Probolinggo, newsradarjatim.com – Asisten Perhutani (Asper) Bagian Kesatuan Pemangkuan Hutan (BKPH) Kraksaan, KPH Probolinggo, Suherwan, meluruskan pemberitaan ihwal terjadinya dugaan penukaran kayu balsa yang diamankan pihak RPH Pakuniran, dari hasil dugaan penebangan liar (illegal logging) di Desa Kalidandan, Kecamatan Pakuniran, Kabupaten Probolinggo.
Ia mengatakan, pihaknya telah melakukan klarifikasi kepada Moh. Salehuddin atau yang akrab disapa Sahut, atas keterangannya di media online (newsradarjatim.com) yang mengungkapkan bahwa kayu balsa yang diamankan RPH Pakuniran pada awal September 2023 lalu itu sebanyak 52 pohon.

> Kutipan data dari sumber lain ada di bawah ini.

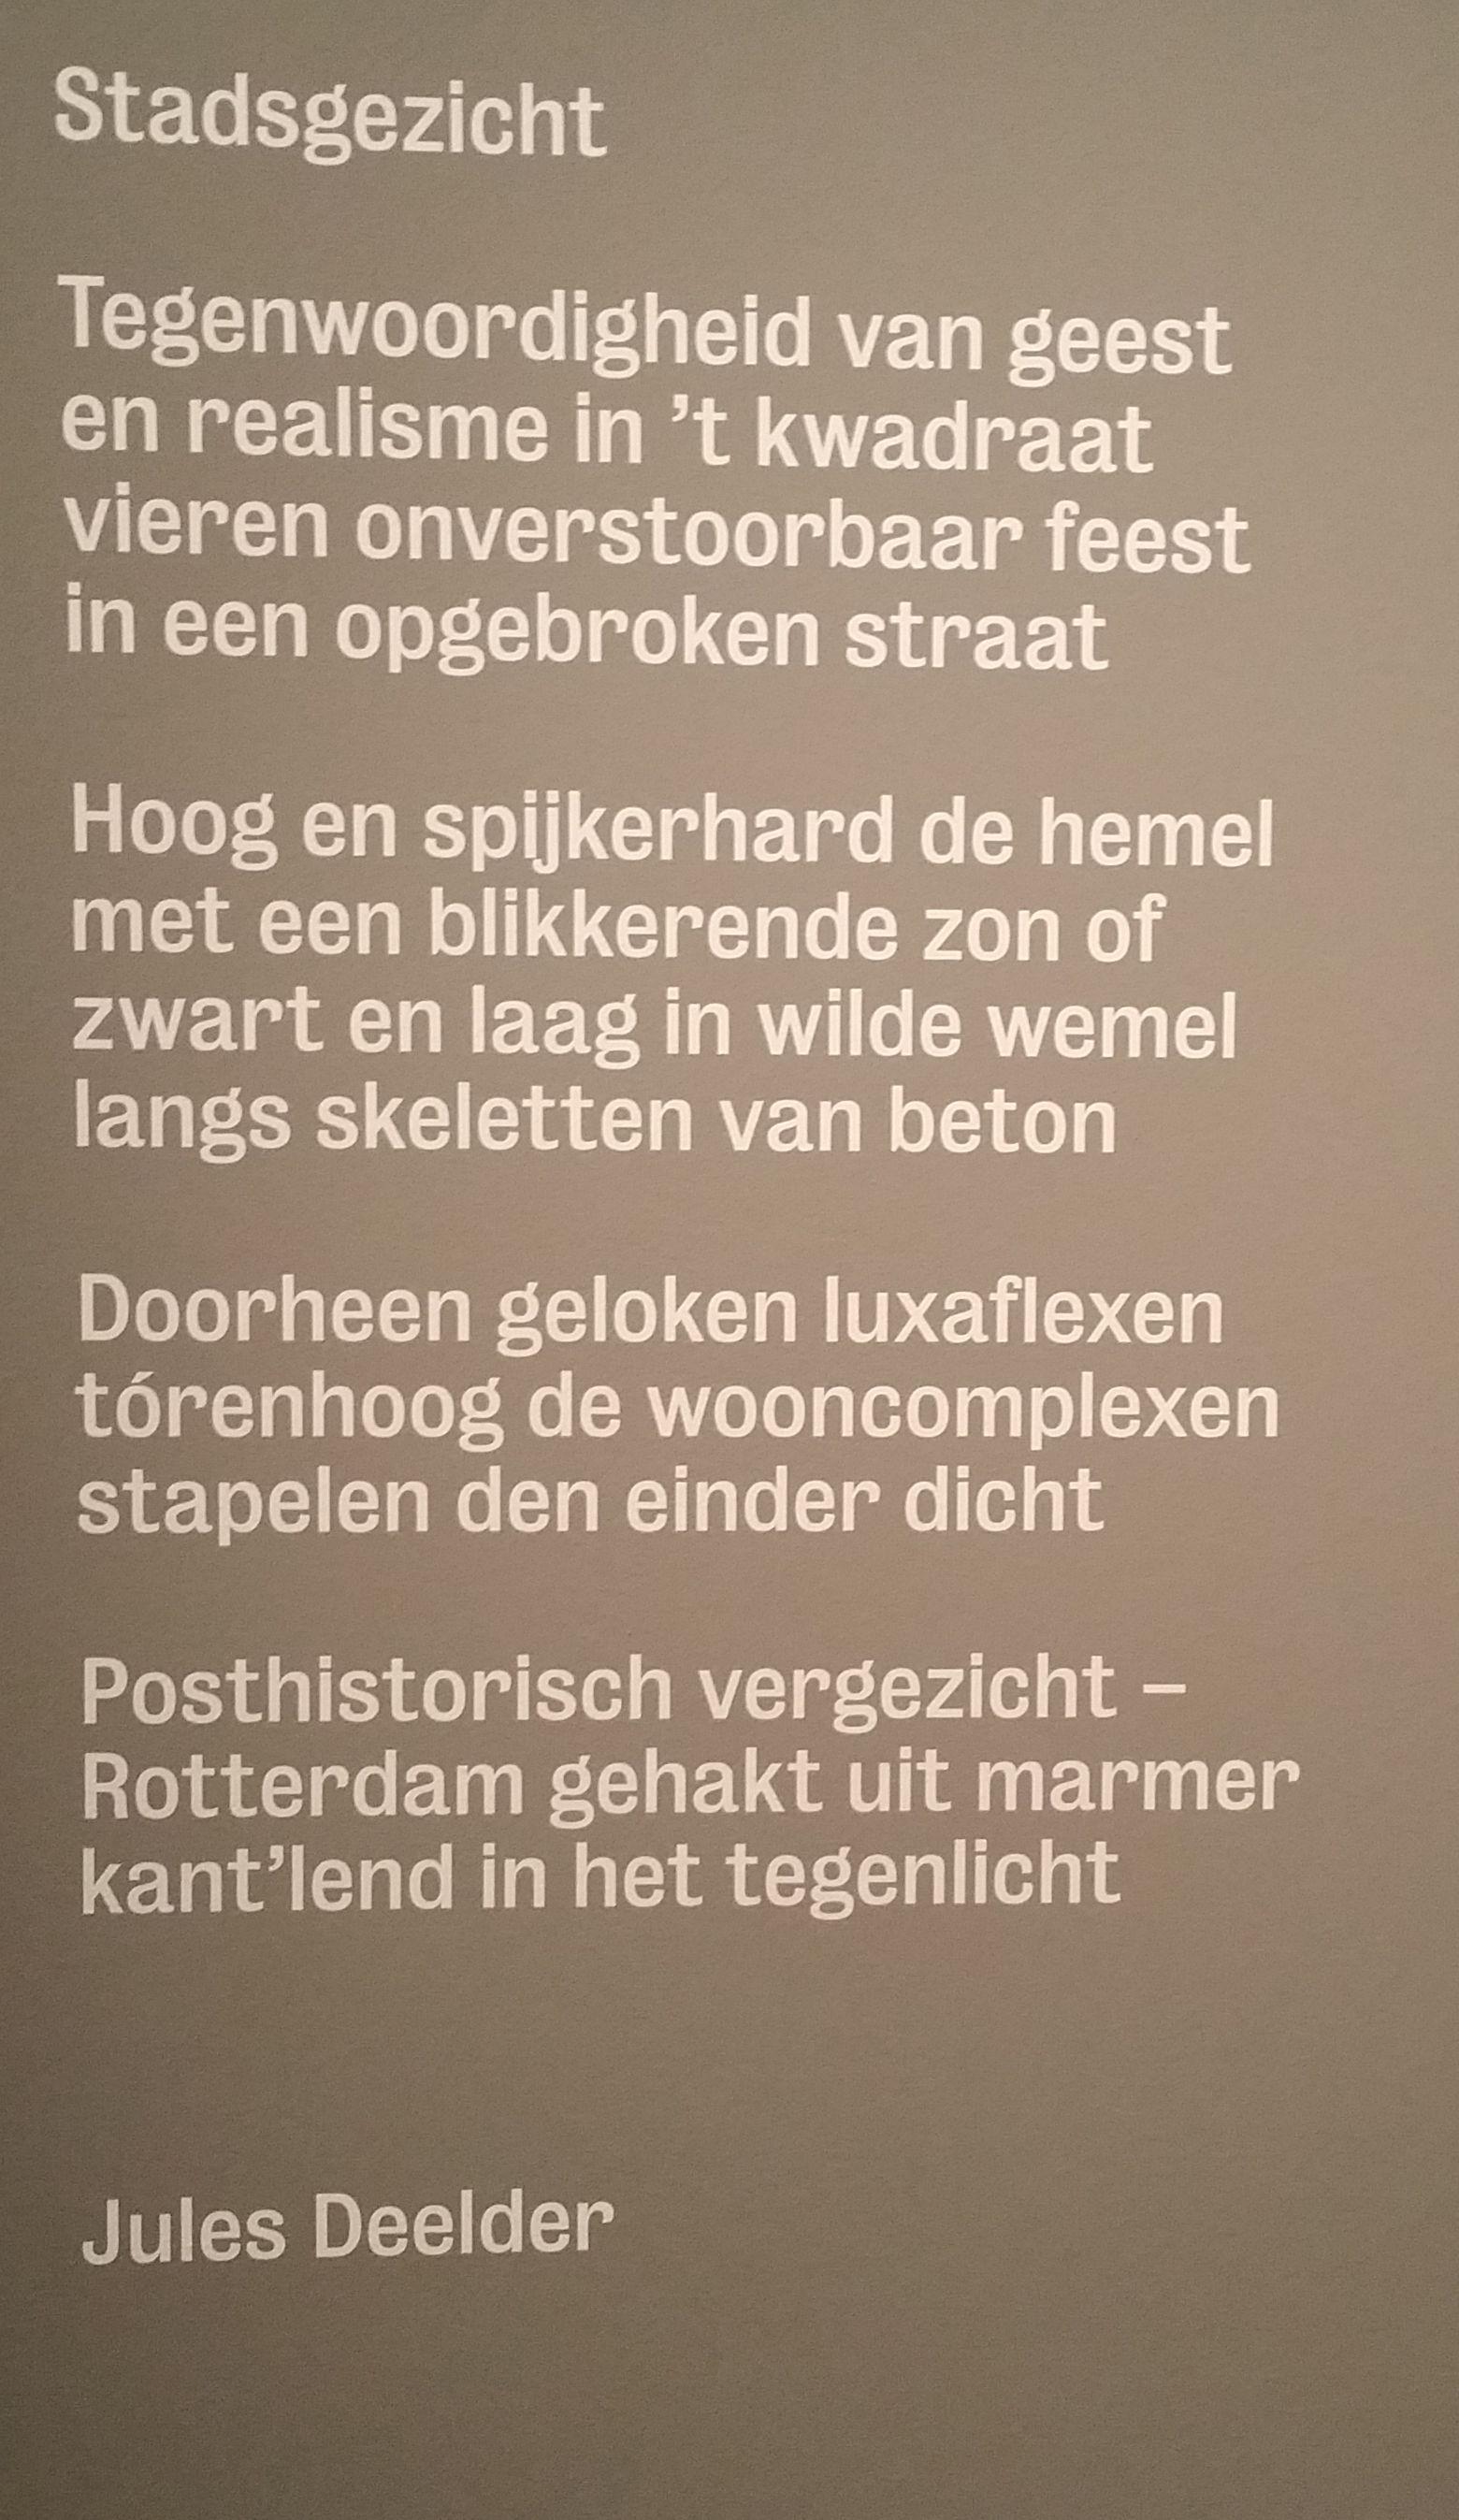 Jules Deelder Gedichten Rotterdam Bewri Rotterdam 2

“Betul, kalau Pak Sahut pada waktu kejadian masih menjabat sebagai Mandor Perhutani RPH Pakuniran, dan saat ini sudah dipindahtugaskan. Namun terkait jumlah kayu balsa sebanyak 52 pohon itu keliru. Yang benar 52 batang. Hal itu pun sudah kami klarifikasi kepada yang bersangkutan. Bahkan kami pun telah turun ke lapangan. Jadi kayu balsa yang diamankan RPH Pakuniran tersebut, tidak ada perubahan atau penukaran,” jelas Suherwan, Jumat (29/9/23).
Untuk saat ini, lanjutnya, kasus dugaan penebangan kayu balsa di wilayah kelola Resor Pengelolaan Hutan (RPH) Pakuniran tersebut, sedang ditangani KPH Probolinggo. Ke depannya, ia mengaku akan lebih proaktif mengawasi, mengevaluasi, dan mengendalikan pelaksanaan kegiatan pengelolaan hutan di wilayah kerjanya.
“Saya ini masih tergolong baru menjabat sebagai Asper BKPH Kraksaan. Untuk itu, saya berharap adanya sinergitas yang baik dari segenap elemen masyarakat agar ke depannya bisa menjalankan tugas dengan baik,” ucapnya.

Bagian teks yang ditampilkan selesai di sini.